The output of which will be:
data["Class"].value_counts()
1 457 0 47 Name: Class, dtype: int64
As you can see, value_counts() has listed the number of instances per class, and it appears to be exactly what we were expecting. With the knowledge that one class consists of 47 samples and the other consists of 457 samples, it is clear this is an imbalanced dataset. Let's visualise this before moving on. We're going to use Principle Component Analysis (PCA) through sklearn.decomposition.PCA() to reduce the dimensionality of our input variables for easier visualisation.
pca = PCA(n_components=2)
data_2d = pd.DataFrame(pca.fit_transform(data.iloc[:, 0:16]))
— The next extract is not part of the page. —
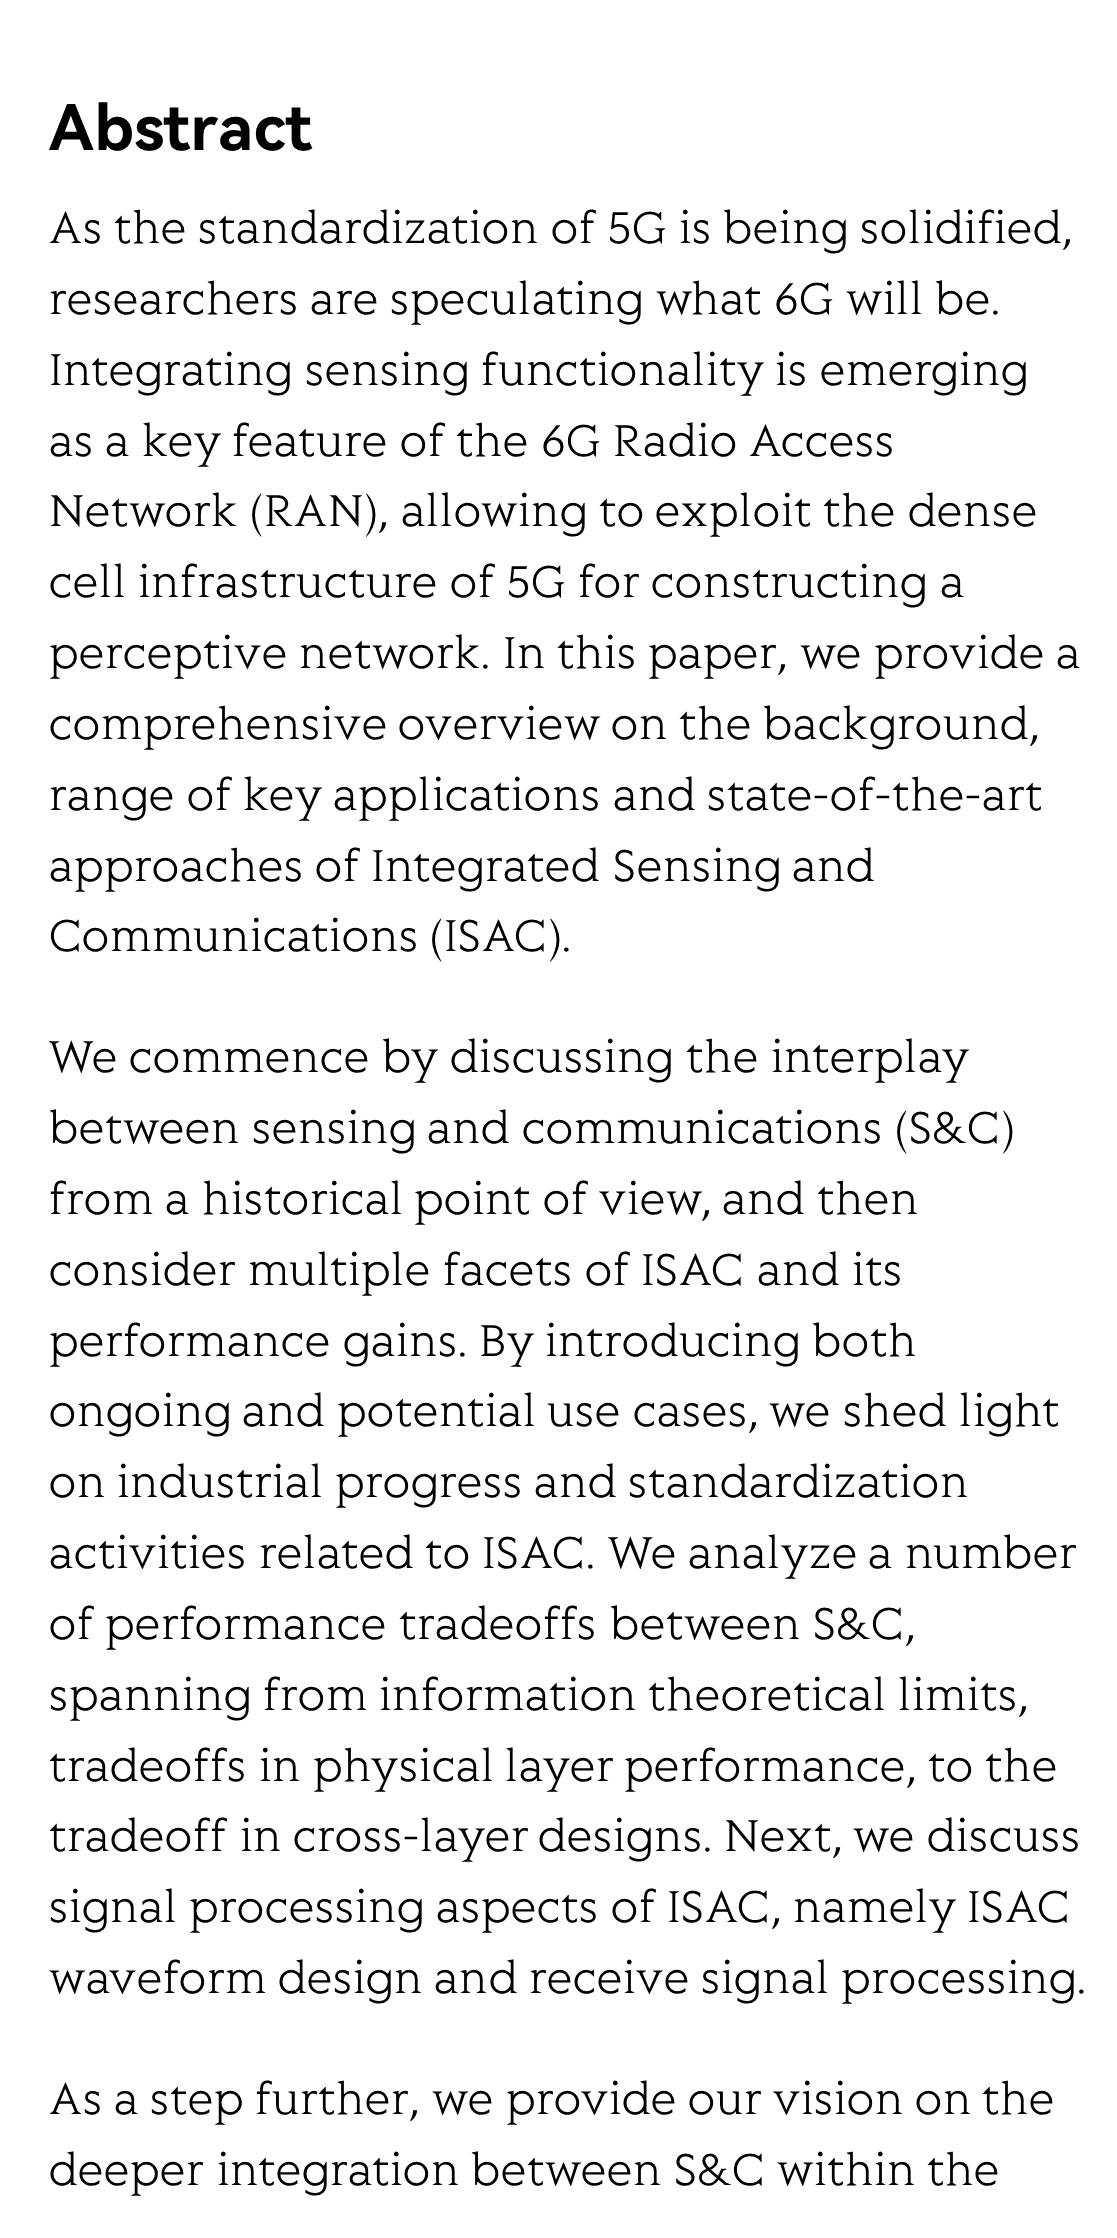 Integrated Sensing and Communications: Towards Dual-functional Wireless Networks for 6G and Beyond_2

The output of which will look something like:
data_2d
0 | 1 | |
---|---|---|
0 | 113.344856 | 30.606726 |
1 | -56.729874 | -1.647731 |
2 | -66.749878 | -6.648316 |
3 | -141.344784 | -0.120158 |
4 | -140.461583 | -23.681364 |
... | ... | ... |
499 | 492.572807 | 31.919951 |
500 | 181.719481 | 6.636507 |
501 | 42.494165 | -20.360069 |
502 | -42.025654 | 11.381916 |
503 | -56.796775 | -12.704053 |
504 rows × 2 columns
The final column containing the classifications has been omitted from the transformation using pandas.DataFrame.iloc
. After the transformation we will add the classification label column to the DataFrame for use in visualisations coming later. We will also name our columns for easy reference:
data_2d = pd.concat([data_2d, data["Class"]], axis=1)
data_2d.columns = ["x", "y", "class"]
This can be confirmed by outputting the DataFrame again:
data_2d
x | y | class | |
---|---|---|---|
0 | 113.344856 | 30.606726 | 1 |
1 | -56.729874 | -1.647731 | 1 |
2 | -66.749878 | -6.648316 | 1 |
3 | -141.344784 | -0.120158 | 1 |
4 | -140.461583 | -23.681364 | 1 |
... | ... | ... | ... |
499 | 492.572807 | 31.919951 | 0 |
500 | 181.719481 | 6.636507 | 0 |
501 | 42.494165 | -20.360069 | 0 |
502 | -42.025654 | 11.381916 | 0 |
503 | -56.796775 | -12.704053 | 0 |
504 rows × 3 columns
With our DataFrame in the desirable form, we can create a quick scatterplot visualisation which again confirms the imbalance of the dataset.
sns.lmplot(x="x", y="y", data=data_2d, fit_reg=False, hue="class");
ADASYN for oversampling
Using ADASYN through imblearn.over_sampling
is straight-forward. An ADASYN
object is instantiated, and then the fit_resample()
method is invoked with the
input variables and output classifications as the parameters:
ada = ADASYN()
X_resampled, y_resampled = ada.fit_resample(
data.iloc[:, 0:16], data["Class"]
)
The oversampled input variables have been stored in X_resampled
and their
corresponding output classifications have been stored in y_resampled
. Once
again, we're going to restore our data into the DataFrame form for easy
interrogation and visualisation:
data_oversampled = pd.concat(
[pd.DataFrame(X_resampled), pd.DataFrame(y_resampled)], axis=1
)
data_oversampled.columns = data.columns
Using value_counts()
we can have a look at the new balance:
data_oversampled["Class"].value_counts()
1 457 0 455 Name: Class, dtype: int64
Now we have our oversampled and more balanced dataset. Let's visualise this on a scatterplot using our earlier approach.
data_2d_oversampled = pd.DataFrame(
pca.transform(data_oversampled.iloc[:, 0:16])
)
data_2d_oversampled = pd.concat(
[data_2d_oversampled, data_oversampled["Class"]], axis=1
)
data_2d_oversampled.columns = ["x", "y", "class"]
Similar to the last time, we've used PCA to reduce the dimensionality of our newly oversampled dataset for easier visualisation We've also restored the data into a DataFrame with the desired column names. If we plot this data, we can see there is no longer a significant majority class:
sns.lmplot(
x="x", y="y", data=data_2d_oversampled, fit_reg=False, hue="class"
);
Conclusion
In this article we've had a quick look at the problem of imbalanced datasets and suggested one approach to the problem through oversampling. We've implemented a coded example which applied ADASYN to an imbalanced dataset and visualised the difference before and after. If you plan to use this approach in practice, don't forget to first split your data into the training and testing sets before applying oversampling techniques to the training set only.